Scream VI, la recensione
Proseguendo sulla strada del precedente Scream VI ne tradisce tutti i presupposti finendo per essere il più scialbo tra i sequel
La recensione di Scream VI, al cinema dal 9 marzo
A tenere la barra dritta ci pensa l’inizio, unica parte del film che sembra effettivamente uscita dalla saga che ha sempre funzionato rappresentando la cinefilia nella cornice del giallo. Il cinema di tensione è in Scream il motore del desiderio di uccidere imitando i film, cioè il proprio oggetto del desiderio. Questo nella storia della saga ha sempre svelato la stupidità del fandom, punendo invece che esaltando la cinefilia maniacale, e così faceva il precedente. Adesso a New York, una delle due città del cinema americane, cinefili contemporanei di ambito accademico sembrano i protagonisti (e non era male!) prima che il film si diriga invece altrove. Rimarrà poi un solo personaggio a tenere il cerino delle teorie di Scream e del metacinematografico, ma di fatto il film si regge su altro, sulle famiglie e le dinastie.
L’unico dettaglio realmente originale che emerge è una crescente tendenza al vigilantismo. Le protagoniste si fanno giustizia da sole dichiarando la propria insoddisfazione nei riguardi delle forze dell’ordine e il film stesso impiega una buona parte delle proprie energie gore nel massacro dei colpevoli. L’obiettivo è sempre la soddisfazione del pubblico e il dolore fisico provato da chi lo merita.
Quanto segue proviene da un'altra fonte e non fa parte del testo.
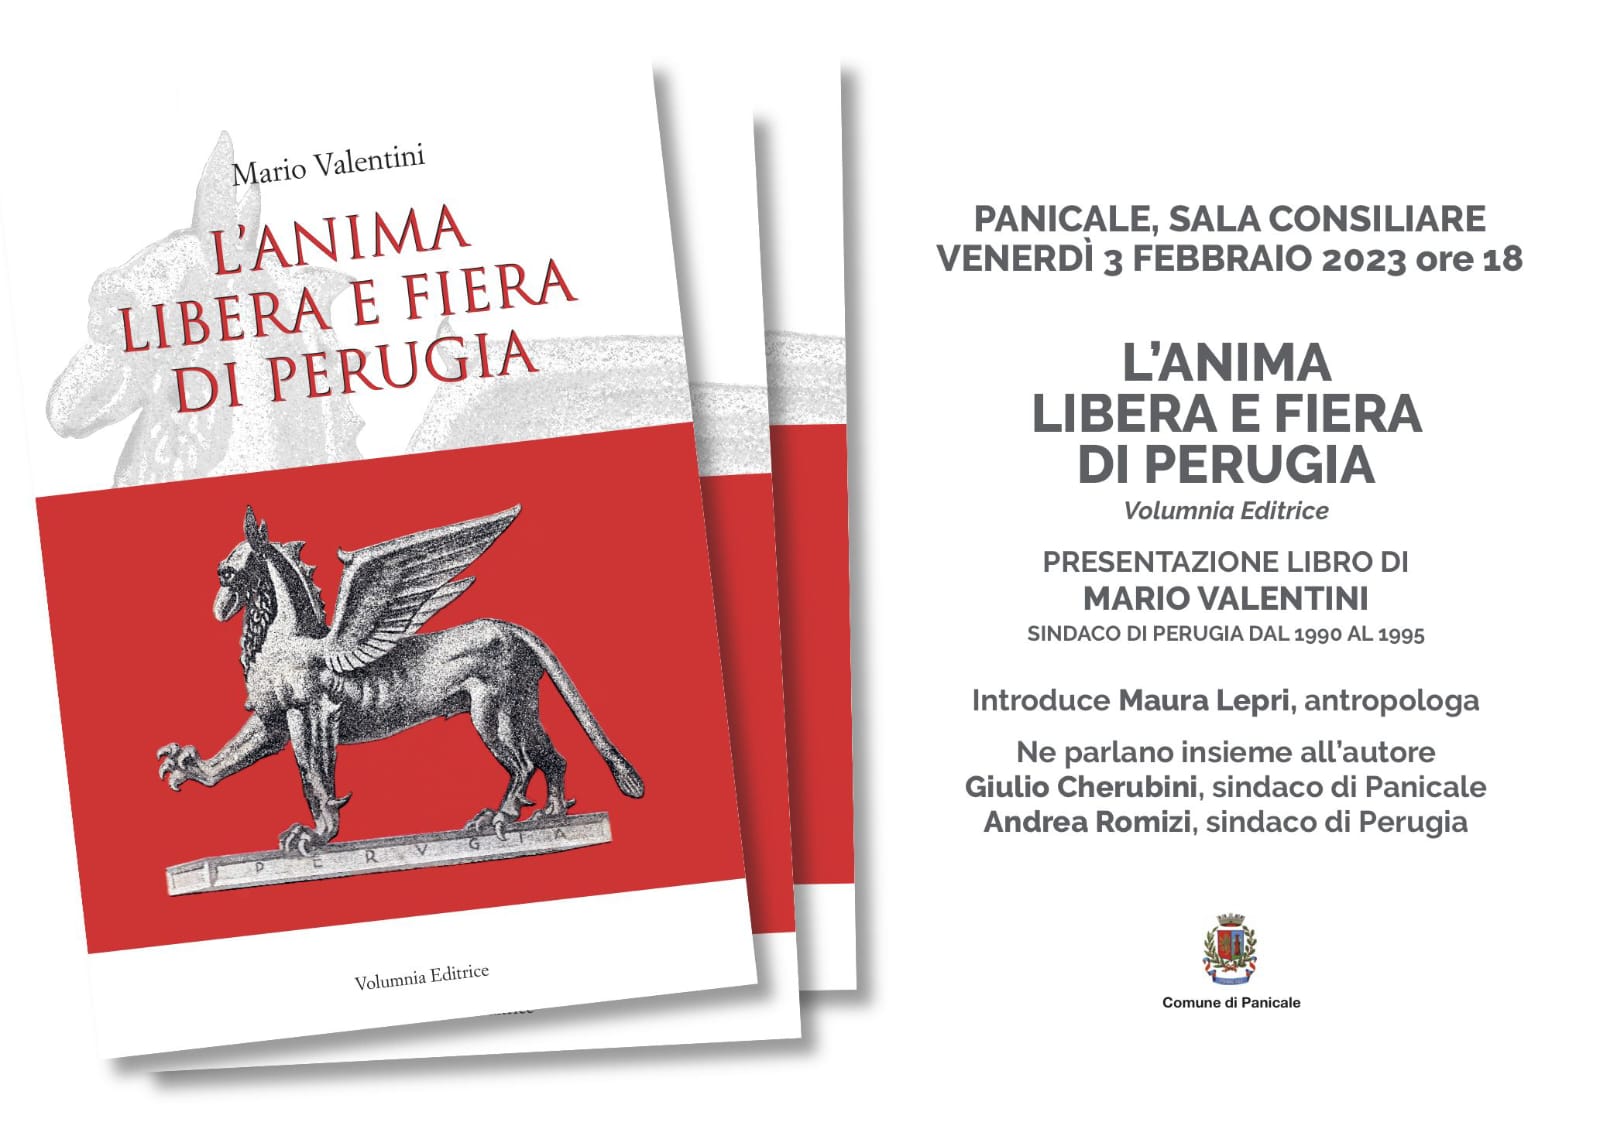 A Panicale presentazione de “L’anima libera e fiera di Perugia”

In Scream c’è sempre stato molto sangue e i colpevoli sono sempre morti in modi soddisfacenti ma stavolta l’impressione è che ci sia una diversa forma di concentrazione sul cercare il dolore altrui, le mille coltellate e i punti del corpo in cui più fanno male, a beneficio di un’idea di giustizia riparativa che passa dagli stessi mezzi dei colpevoli.